Но это старинушка добрый, не без чувства юмора, и к людям он относится неплохо, с большим любопытством, и ничего не дать им, конечно, не может, однако щедрость свою проявляет с большой потехой. Я неоднократно видел, как хозяин леса забавлялся над своими глуповатыми гостями. Был как-то с нами искусствовед, бородатый молодец приятной наружности, который отчаянно хвастался тем, что в своем Абрамцеве, на даче, выдергивал белые грибы прямо из придорожных кустов, и опята ведрами набирал у себя в саду, за помойкой.
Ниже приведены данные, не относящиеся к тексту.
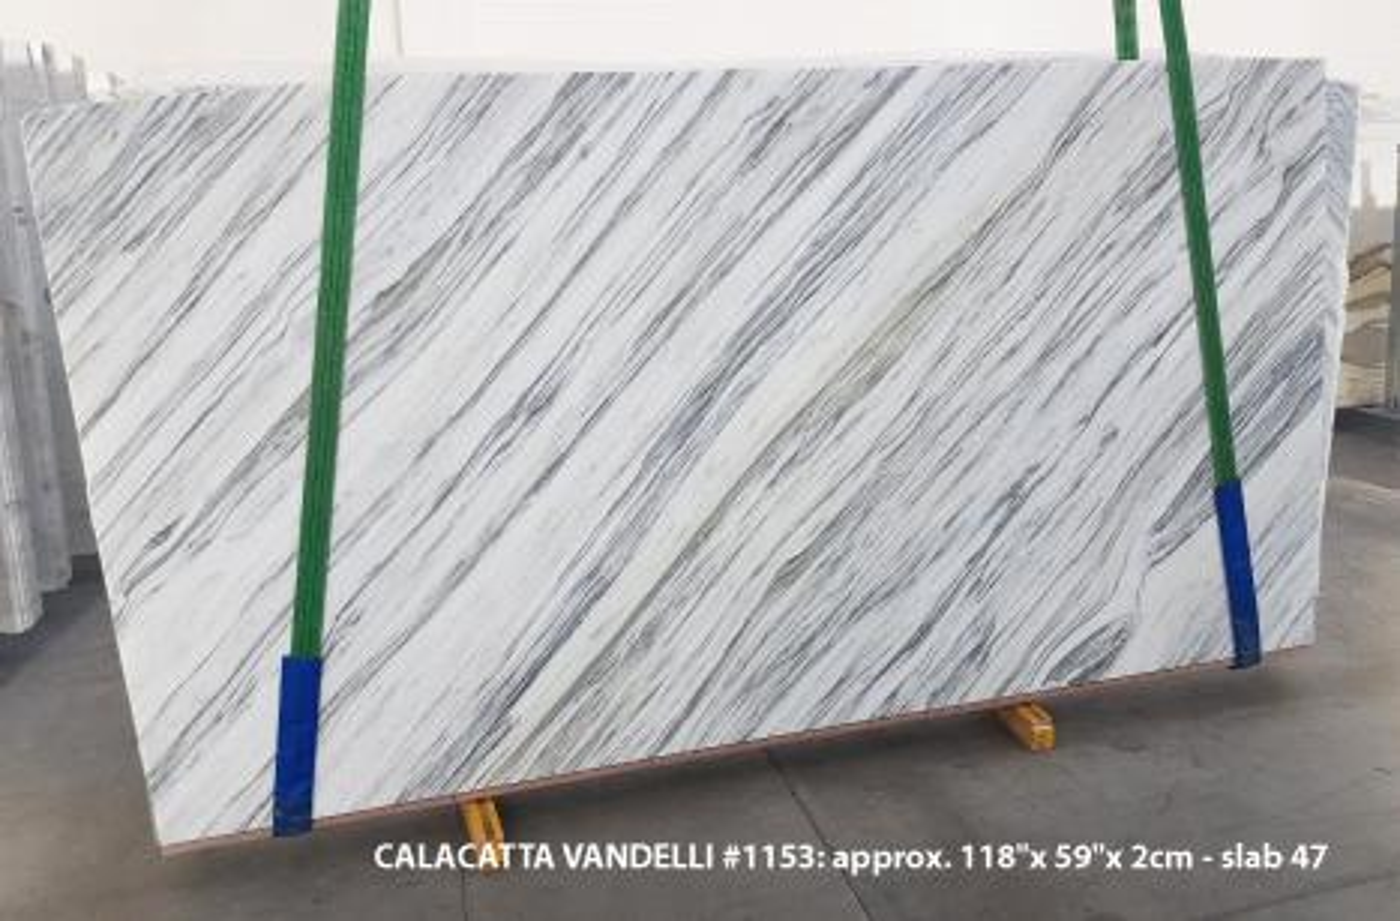 Calacatta Vandelli Suministro (Italia) de planchas pulidas en mármol natural 1153 , Slab #47

По лесу шел он, самодовольно сморкаясь на мох, поплевывая и громко вознося хвалу самому себе. Хозяин и решил пошутить над ним. Поставил невдалеке от него гриб, подманил искусствоведа, затем поставил вдали еще один, и так постепенно увел того в сторону от всех на приличное расстояние. Бородач пошёл топать дальше, одержимый лешим, не откликаясь на ауканье товарищей, предвкушая час великого торжества, — когда наглядно представит им доказательства своего грибного могущества. Однако вскоре грибы поредели, а потом и совсем пропали, бородач почувствовал некоторую скуку. Протопав еще с полчаса, он заскучал совсем и стал даже зевать на ходу, широко раскрывая обросшую волосами пасть. А спустя еще некоторое время парень погрузился в сонливую, мрачную тоску полного безгрибья и, желая как-нибудь подбодрить себя, заорал на песенный лад несусветную ерунду:
Шишкин, Пышкин, Замухрышкин!
Бороздин, Гвоздин, Звездин!
Пел он, ломясь сквозь кусты, словно испуганный лось, и сердце его все больше охватывал страх, который он пытался отогнать неоднократным повторением своей немудрой песенки. Но страх, насланный лешим, вскоре окончательно завладел искусствоведом, и он остановился вблизи лохматой елки, с ужасом озираясь вокруг. Хозяин, ростом выше елки, обнял ее мохнатыми руками и высунул голову из-за нее, искусствовед вскрикнул да галопом и понесся в сторону, роняя грибы из корзины. Большие резиновые сапоги его, распарившиеся изнутри, затрюкали при этом, как селезенка бегущей лошади. Но бежать, собственно, было некуда — мрачный, первозданный лес стоял вокруг, грозя маленькому человеку неминуемой погибелью. И тогда бородач, отбросив все условности, забыв о своей гордыне, о дипломе и своем высшем образовании, заплакал, как ребенок, и принялся ходить взад-вперед, ломая руки и жалобно вскрикивая: «Люди! О, люди! Где вы, люди!» Корзина с бессмысленными уже грибами моталась под согнутым локтем, зубами он яростно кусал свои кулаки, которыми время от времени вытирал слепнущие от слез глаза. И в таком виде — полностью деморализованного, со слезами и соплями последнего отчаяния на бороде, с искусанными кулаками, увидел я его, когда, сжалившись над искусствоведом, вышел к нему, пойдя наперекор лешему. Тот хохотал, повалившись животом на болото, и грозил мне кулаком, размером с вывороченный пень. Я укоризненно покачал головою, мол, увлекся ты, батюшка, не стыдно ли, чего наделал с человеком?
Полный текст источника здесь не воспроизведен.